AgentSpec supports prompt rendering strategies for production generation tasks:

structured_task: the default compatible mode. Runtime builds the SDK task text from system_prompt, description, input, output schema, and skill mentions.
direct_task_text: the host provides final task text in input["_runtime_prompt"]["task_text"].
precomposed_messages: the host provides final provider messages in input["_runtime_prompt"]["messages"].

_runtime_prompt is a reserved runtime control envelope. It is not rendered as business input and should not be reused as an application field name.

Example:

from capability_runtime import AgentSpec, CapabilityKind, CapabilitySpec

spec = AgentSpec(
    base=CapabilitySpec(id="writer", kind=CapabilityKind.AGENT, name="Writer"),
    prompt_render_mode="precomposed_messages",
    prompt_profile="generation_direct",
)

result = await runtime.run(
    "writer",
    input={
        "_runtime_prompt": {
            "messages": [
                {"role": "system", "content": "..."},
                {"role": "user", "content": "..."},
            ],
            "trace": {"prompt_hash": "sha256:<64 lowercase hex>"},
        }
    },
)

Multimodal Precomposed Messages

precomposed_messages can also carry OpenAI-compatible multimodal content parts. This is an explicit host-controlled boundary: the runtime validates, summarizes, and forwards the messages, but it does not download, transcode, OCR, ASR, frame-sample, or otherwise manage media.

Supported content shapes:

str: existing text-only message content.
list[dict]: v1 stable content parts.

Supported v1 content parts:

messages = [
    {
        "role": "user",
        "content": [
            {"type": "text", "text": "Compare these images."},
            {
                "type": "image_url",
                "image_url": {
                    "url": "https://example.test/a.png",
                    "detail": "auto",
                },
            },
            {
                "type": "image_url",
                "image_url": {
                    "url": "https://example.test/b.png",
                },
            },
        ],
    }
]

Rules and limits:

text.text must be a string. Empty text is allowed.
image_url.url must be a non-empty string. The runtime does not fetch or validate the URL.
image_url.detail, when present, must be auto, low, or high.
Multiple image_url parts are allowed. Image-only content part lists are also valid.
Empty content part lists, unknown part types, unknown fields, non-finite numbers, and non-JSON-compatible message values fail fast with INVALID_PROMPT_MESSAGES.
Reserved or provider-specific parts such as input_audio, file, and video are not accepted by v1. Add support through a future explicit contract instead of relying on passthrough.

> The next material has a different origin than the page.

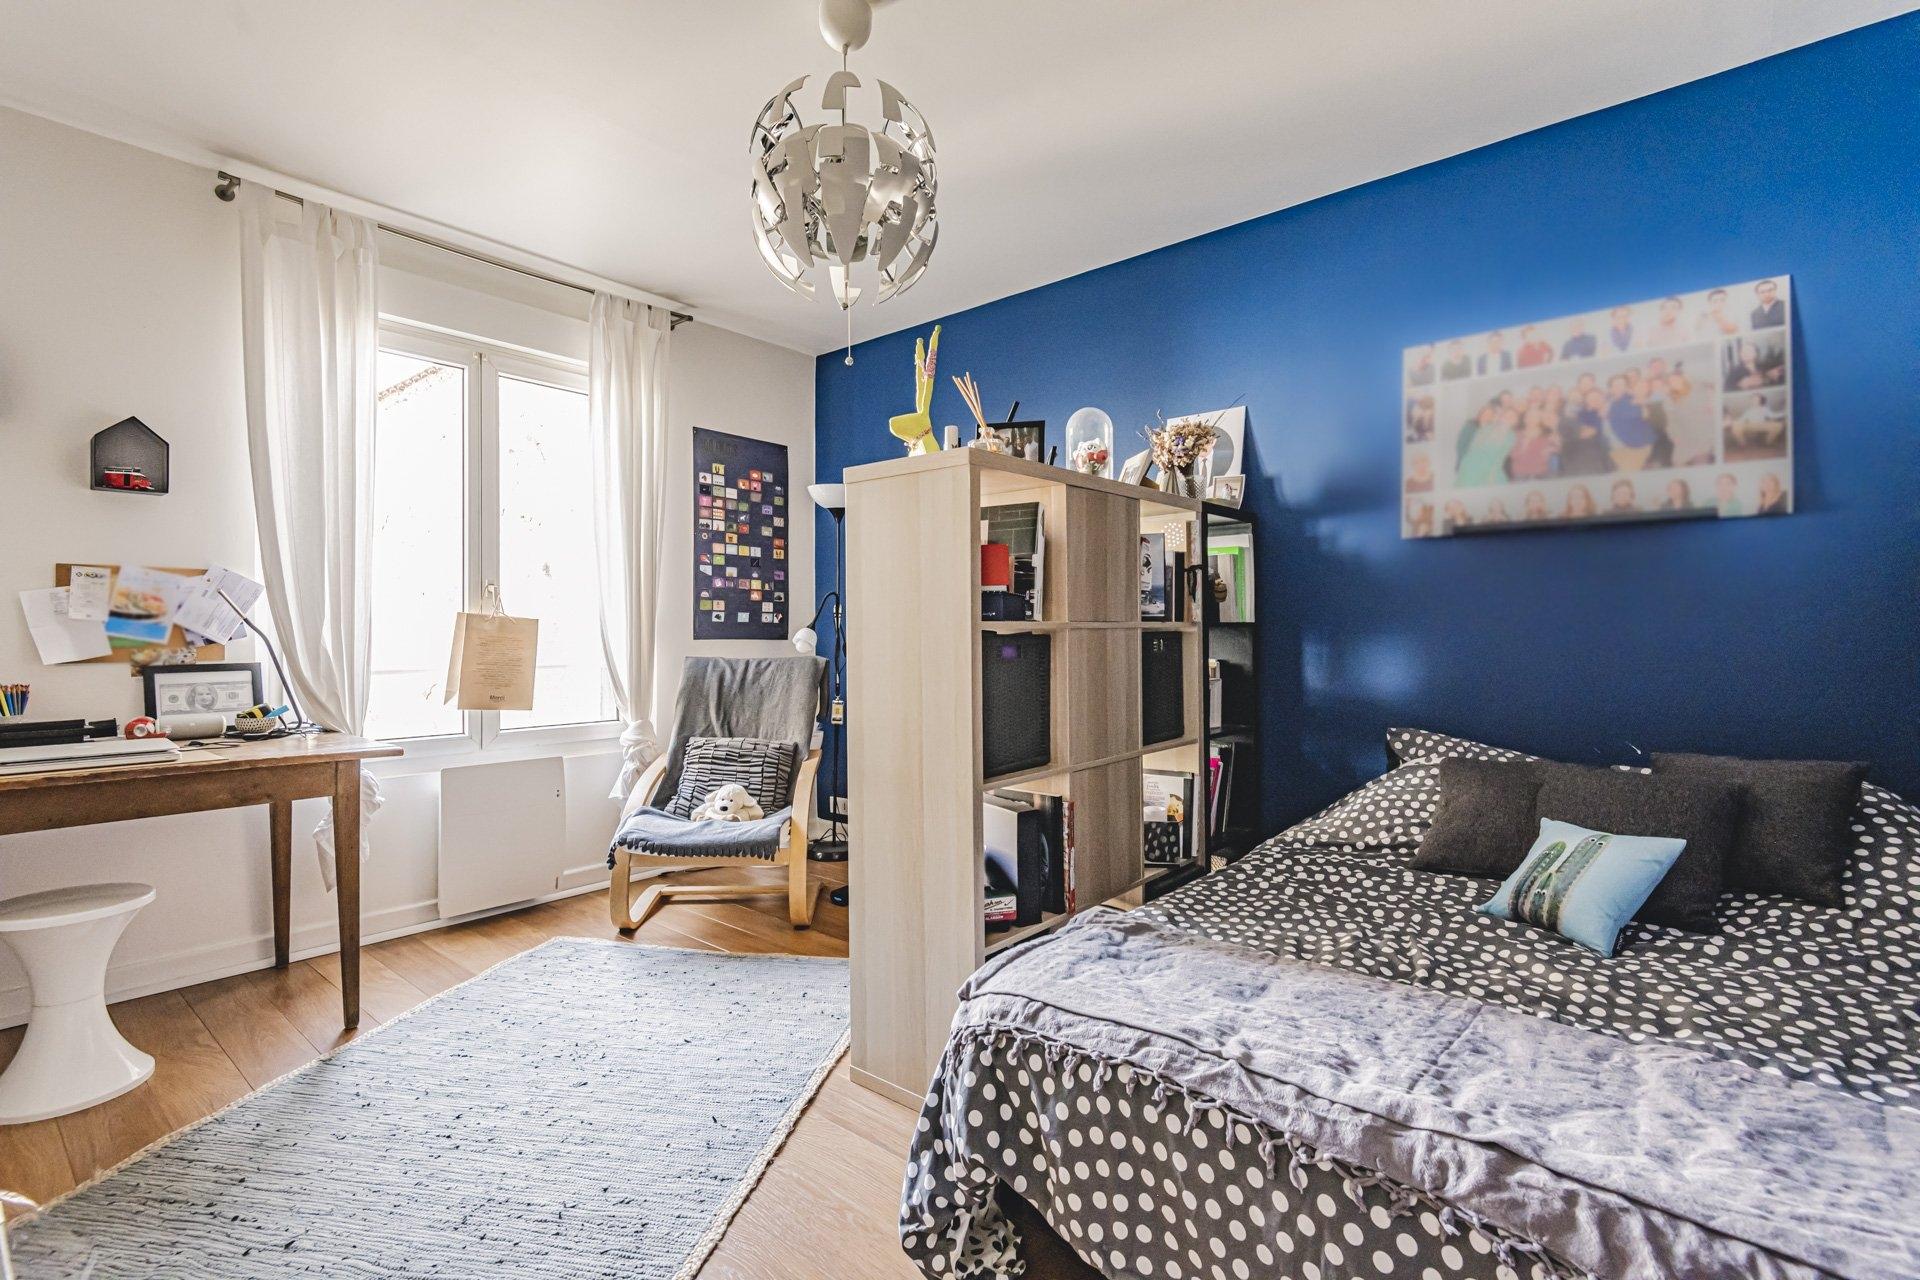 Appartement Reims 4 Pièces 104 m2 - 7

For evidence, NodeReport.meta records only a minimal summary:

prompt_modalities
prompt_content_part_counts
prompt_media_count

It does not record full messages[], full URLs, base64 payloads, media content, prompt text, tool_calls, tool_call_id, or other provider extra fields. Runtime UI events also do not project these prompt summary fields.

Multimodal outputs continue to use existing artifact locators:

CapabilityResult.artifacts: list[str]
NodeReport.artifacts: list[str]

The runtime does not add a parallel binary output field for images, audio, video, or files.

NodeReport.meta records prompt evidence such as prompt_render_mode, prompt_profile, prompt_hash, message count, roles, and composer version. It does not record the full prompt text or full messages[] payload.

Evidence And Host Surfaces

NodeReport
ApprovalTicket
ResumeIntent
HostRunSnapshot
WorkflowRunSnapshot lifecycle fields are additive. Consumers may read lifecycle_state, execution_id, state_version, intervention_mode, pending_interventions, and close_reason when present, while older event consumers can ignore them.
RuntimeServiceFacade
RuntimeServiceRequest
RuntimeServiceHandle
RuntimeSession

Runtime Capability Previews

Responses bridge:

from capability_runtime import RuntimeConfig

cfg = RuntimeConfig(mode="bridge", requester_strategy="responses")

"responses" is opt-in. The default remains "chat_completions", and sdk_backend injection still takes precedence for offline tests.

Real provider audit:

Build the bridge transport with build_openai_provider_requester_factory(...) and select the lane through RuntimeConfig.requester_strategy.
NodeReport.usage.model prefers provider usage model, then falls back to ChatRequest.model.
NodeReport.usage.request_id and NodeReport.usage.provider must be preserved when returned by the provider/gateway.
Agently settings configure transport; do not rely on them as the only model configuration path.

Dynamic DAG preview:

plan = runtime.compile_dynamic_workflow_plan(task_dag_like_mapping)
result = await runtime.run_dynamic_workflow(plan, input={"topic": "release"})

Compile TaskDAG-like data into the runtime-owned DynamicWorkflowPlan; do not pass upstream-native TaskDAG / DynamicTask objects through application code as stable contracts. Nodes execute only through registered capability ids, with fail-closed DYNAMIC_DAG_* diagnostics and bounded max_dynamic_nodes.

Recall context preview accepts a runtime-owned RuntimeRecallBackend and exposes a neutral RuntimeRecallContextPack; it is not a WAL or NodeReport replacement. An upstream Workspace can be adapted behind that backend protocol, but downstream code should not depend on the upstream-native object. Action artifact evidence is exposed as redacted artifact references and NodeReport.meta summaries, never raw artifact content.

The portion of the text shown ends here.